The trouble is, if all the reviews in the world are good ones, readers exist in a hard-to-navigate literary Lake Wobegon, where all the books are above average.
I don’t review books, although I will recommend the ones I like. I’m an author, and I don’t feel comfortable panning fellow authors. (I know there’s a proud, entertaining history of this, but I don’t exist in the world of The New York Times Book Review.) Of course, as a writer I want all the reviews of my books to be glowing. It’s natural. Negative reviews sting–especially when the reviewer is able to make me see her point. Really awful reviews, ones that are the review equivalent of a drive-by shooting, usually make me laugh, at least at first. For example, here’s an excerpt from an Amazon review about book I wrote:
RUN! Don’t even make eye contact with this book. I think I would have much rather ate a bowl of pig vomit than to have gone through what I did with this book.
Yikes! I don’t know about you, but if something I’m reading gets to the pig vomit stage, I quit reading and put the book in the thrift store pile or return it to the library. Would I like to be able to erase this review from public view? In my imaginary, me-centered world, yes. (Nicer still if I could erase it from my brain!) Yet there it sits after nearly a decade, and according to Amazon, four people have found the review helpful. Believe it or not, it’s those four people who make me glad the bad review remains on the website. Hard as it is for me to accept, those four readers saw something in that review that spoke to them. I’d like to think that it’s their loss…but maybe it saved them from wasting their money on a book that they really wouldn’t have liked.

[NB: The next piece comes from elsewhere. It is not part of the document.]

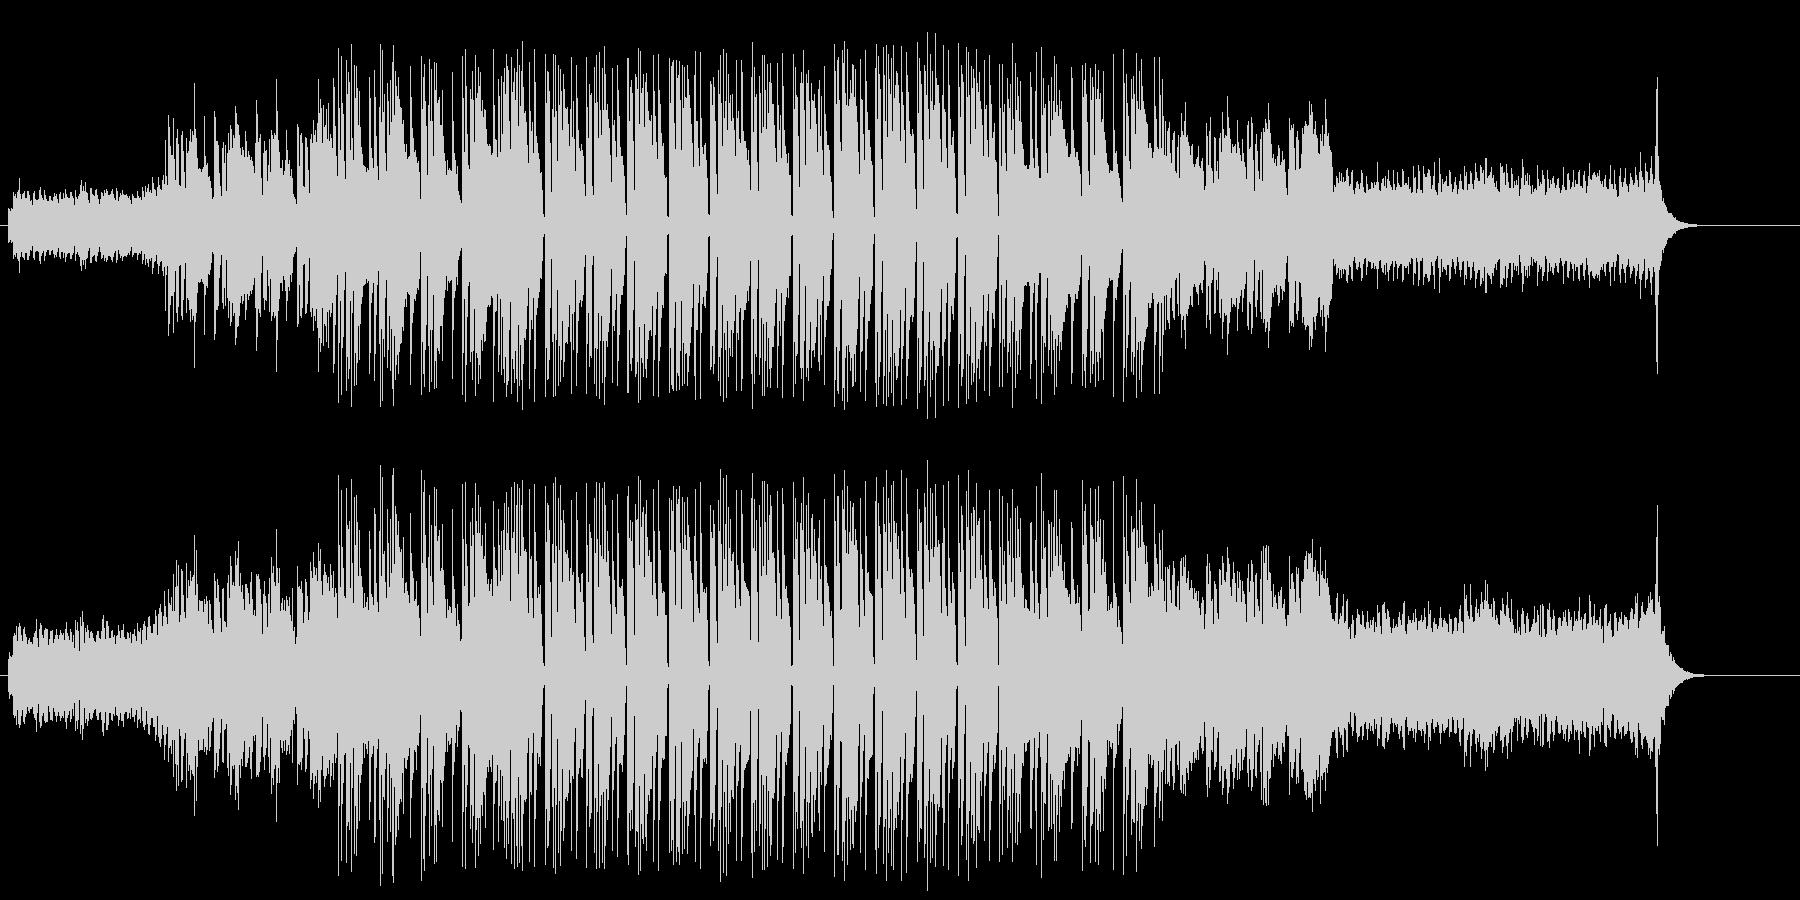 怪しげなマイナー・エレクトリックBGMの未再生の波形

I’m a reader. I buy most of the books I read in order to support fellow writers, but since I’m not rich, I like to increase my chances of spending my money on something I’ll like. I often sift through reviews on Amazon and Goodreads before buying. More than anything, I appreciate honesty in reviews. Who hasn’t been stung after snapping up a book that every professional reviewer raves about, only to discover that in your own opinion it’s a little, well, pig-vomitty? Goodreads and Amazon are useful because they allow us to seek out other readers whose interests are in sync with our own, and who are are willing to point out aspects of sometimes wildly popular books that some might find toxic. Often I learn a lot about how much I can trust a reviewer’s opinion by looking at what she pans as much as the books she raves about.

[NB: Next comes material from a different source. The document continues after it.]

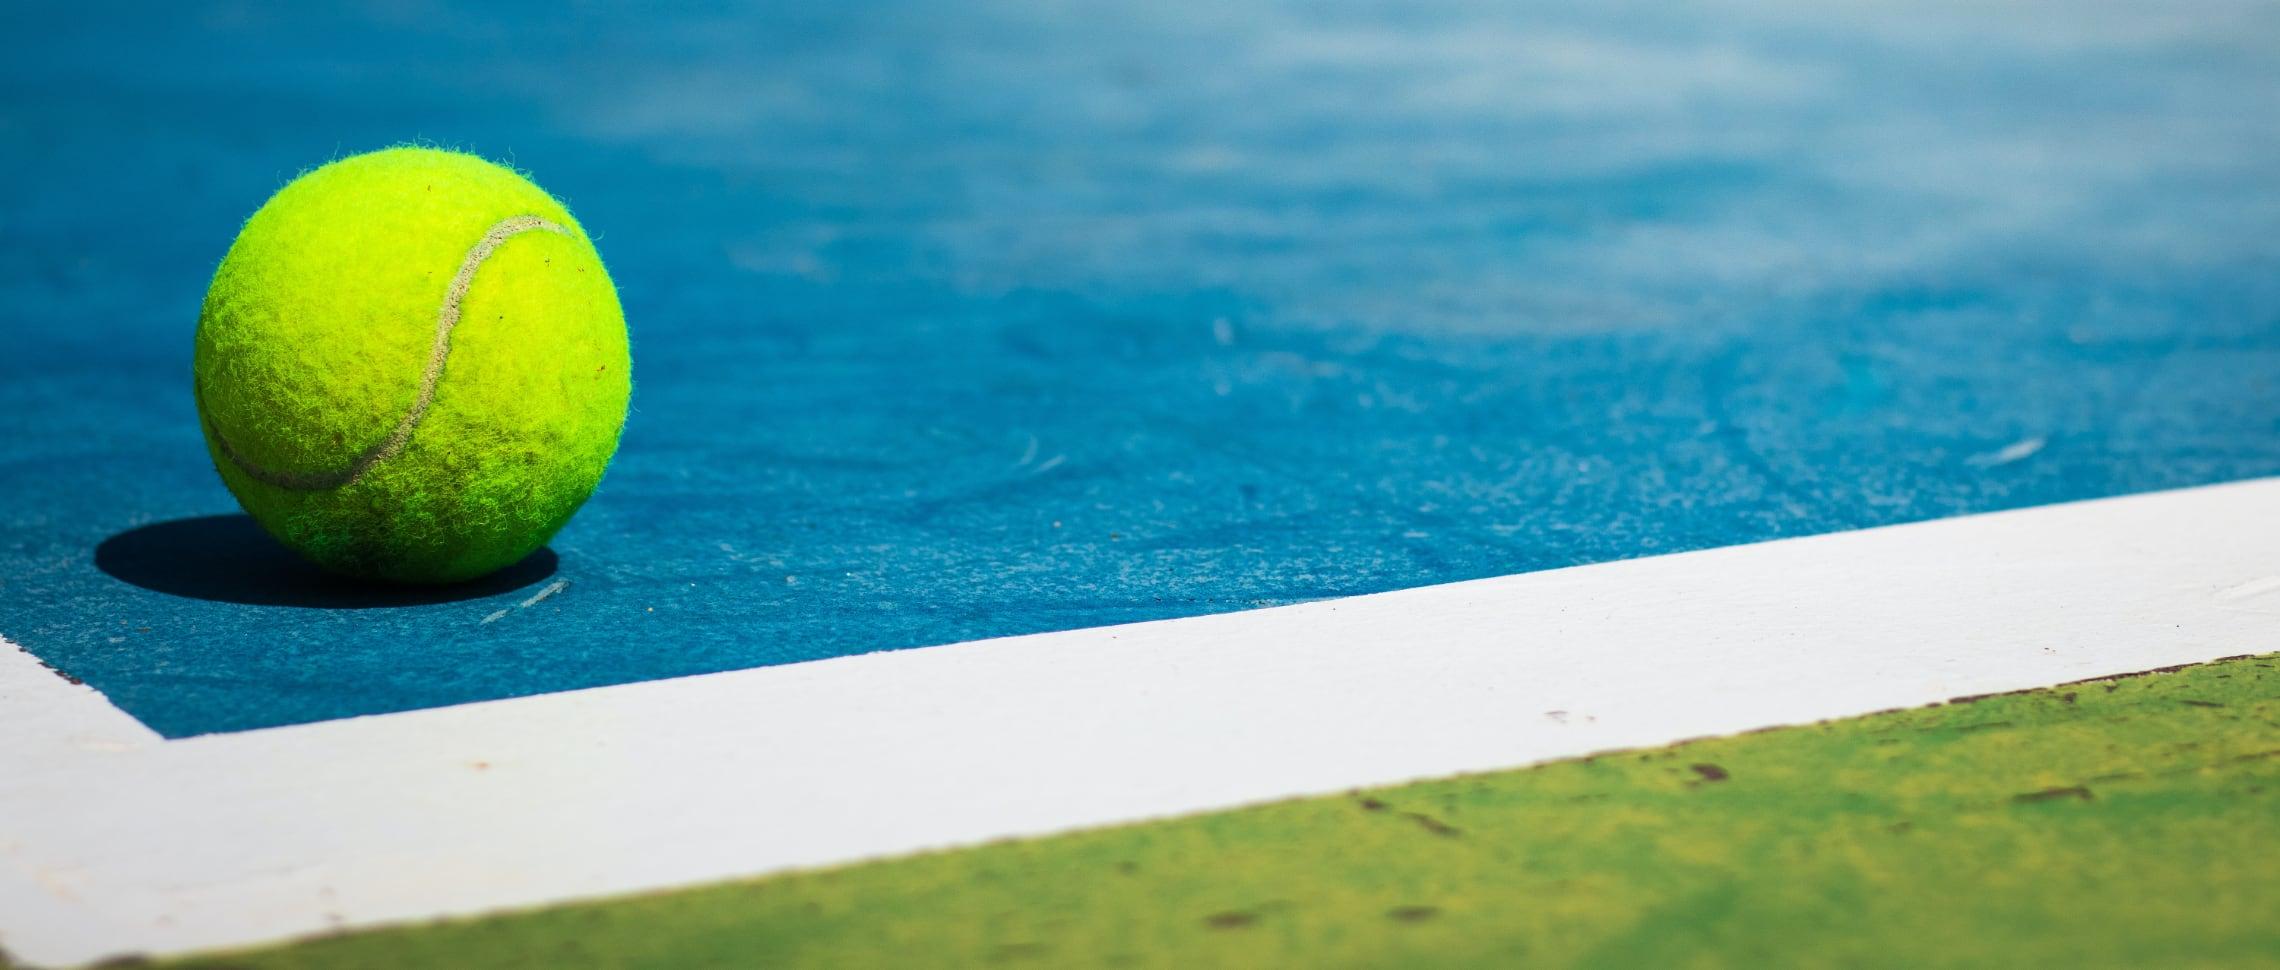 sportgolv-tennisbana-linemålning

So I hope bloggers and reviewers won’t pull back from being their enthusiastic, opinionated selves. If I send out a review copy, “in exchange for an honest review” means just that. Although I will tweet links to good reviews, I rarely comment on the review itself, good or bad, because I think author surveillance can have a dampening effect on book discussions. But I read all the reviews of my own books, the positive and the negative, and appreciate the time each reader takes both to read the book and to comment on it.
Where do you go for book recommendations?